Once all of these steps have been conducted, doctors will look at everything and reach a conclusion based on overall results. Some doctors take a more symptom-based approach to diagnosing rheumatoid arthritis while others use blood tests and medical history to confirm a rheumatoid arthritis diagnosis.

This is why it’s possible to be diagnosed with rheumatoid arthritis but not test positive for antibodies or have a medical history of rheumatoid arthritis in your family. If the symptoms themselves are consistent with rheumatoid arthritis, then it can still be diagnosed.

In this case, there are generally two classifications of rheumatoid arthritis.
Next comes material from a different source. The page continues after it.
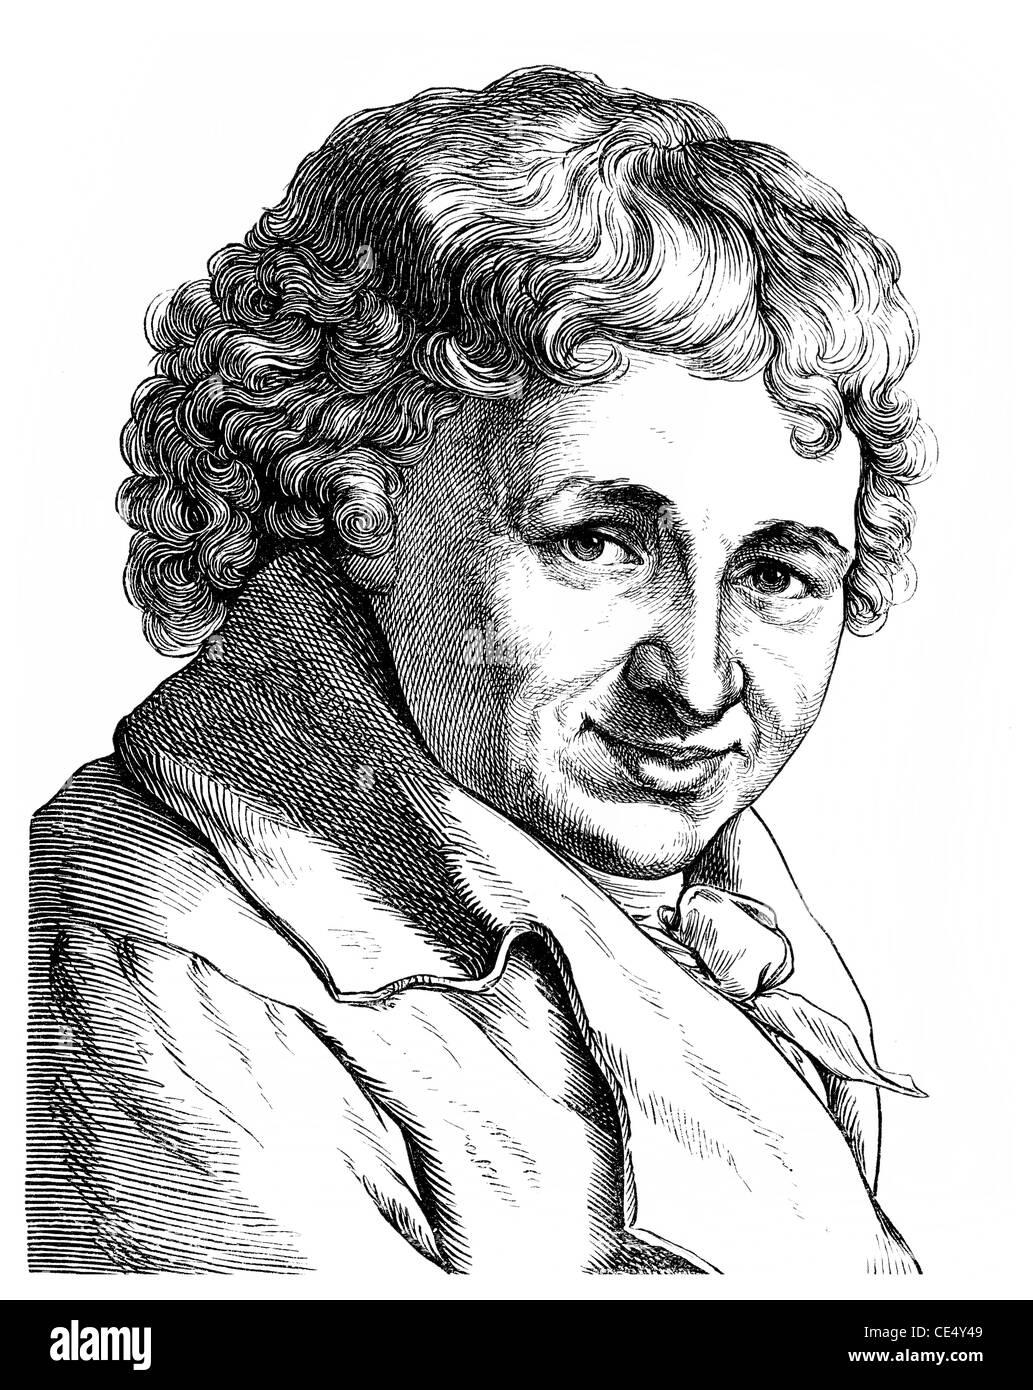 Daniel Nikolaus Chodowiecki, 1726 - 1801, a German engraver, printmaker and illustrator of the 18th century - Stock Image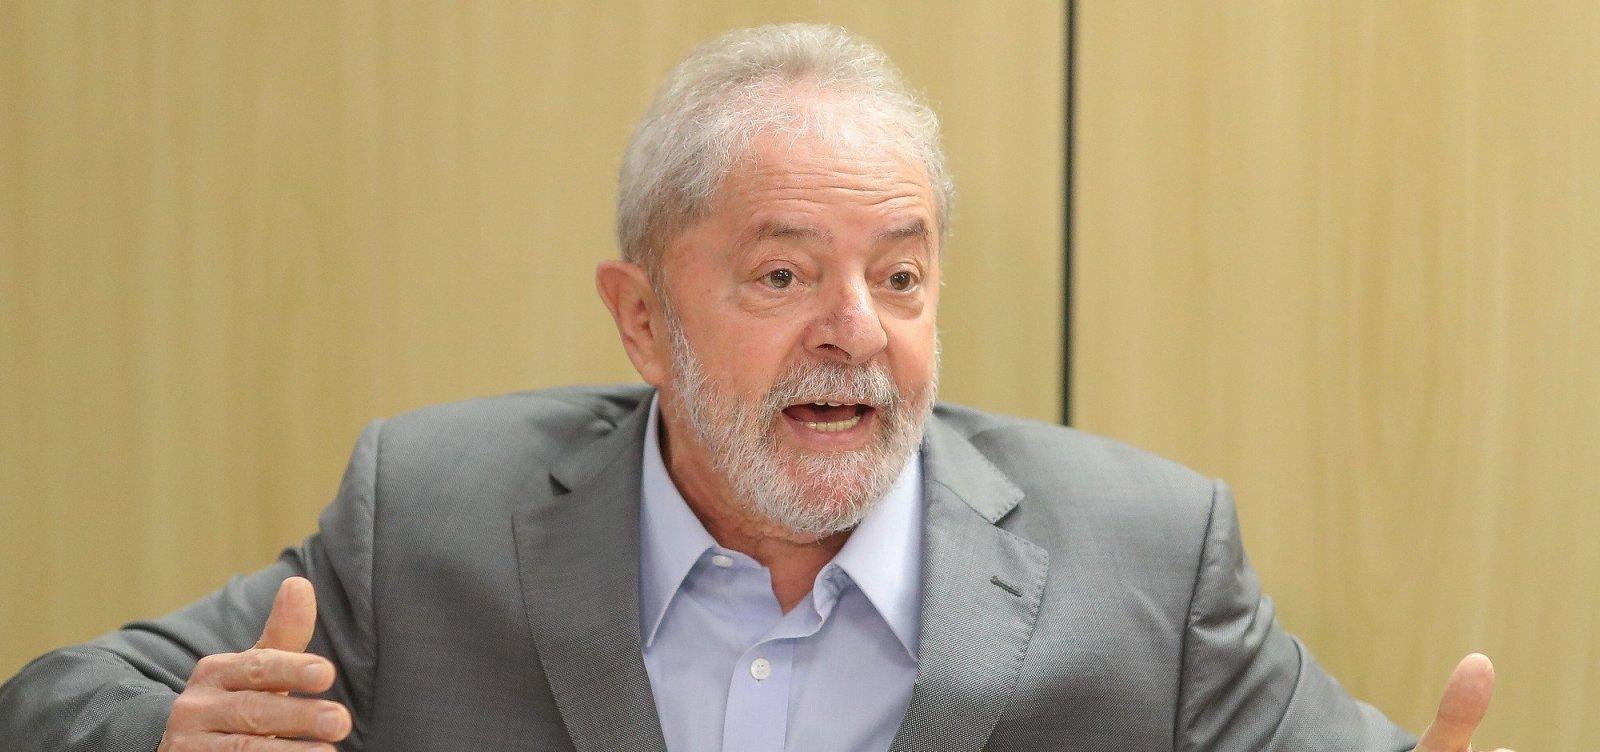 ['País pariu essa coisa chamada Bolsonaro', diz Lula]

However, the main criteria for diagnosing rheumatoid arthritis must include the persistent demonstration of symptoms for greater than six weeks, symmetrical symptoms, as well as multiple joints affected including fingers and hands.

Classifying Rheumatoid Arthritis Diagnoses

If a patient displays all the symptoms of rheumatoid arthritis and tests positive for antibodies then they can be diagnosed with seropositive rheumatoid arthritis.

However, if a patient displays all the symptoms of rheumatoid arthritis, but doesn’t test positive for antibodies, the doctors can make a seronegative rheumatoid arthritis diagnosis.

Read more about the types of rheumatoid arthritis here.

Other Factors

Rheumatoid arthritis symptoms can be mistaken for other conditions. Doctors work to rule out the potential of other illnesses when they are first alerted to possible signs of rheumatoid arthritis. Once these conditions have been ruled out, it makes it clearer to reach a rheumatoid arthritis diagnosis. Some of these conditions include:

  • Several other forms of arthritis including osteoarthritis
  • Lupus
  • Lyme disease
  • Gout
  • Fibromyalgia
  • Still’s disease

Due to the ambiguous nature of many rheumatoid arthritis diagnoses, researchers are continually looking for links and similarities between disease symptoms and patients’ genetics and medical histories. While diagnosing rheumatoid arthritis is difficult and can be complicated, the most important thing is to detect symptoms early and begin treatment as soon as possible.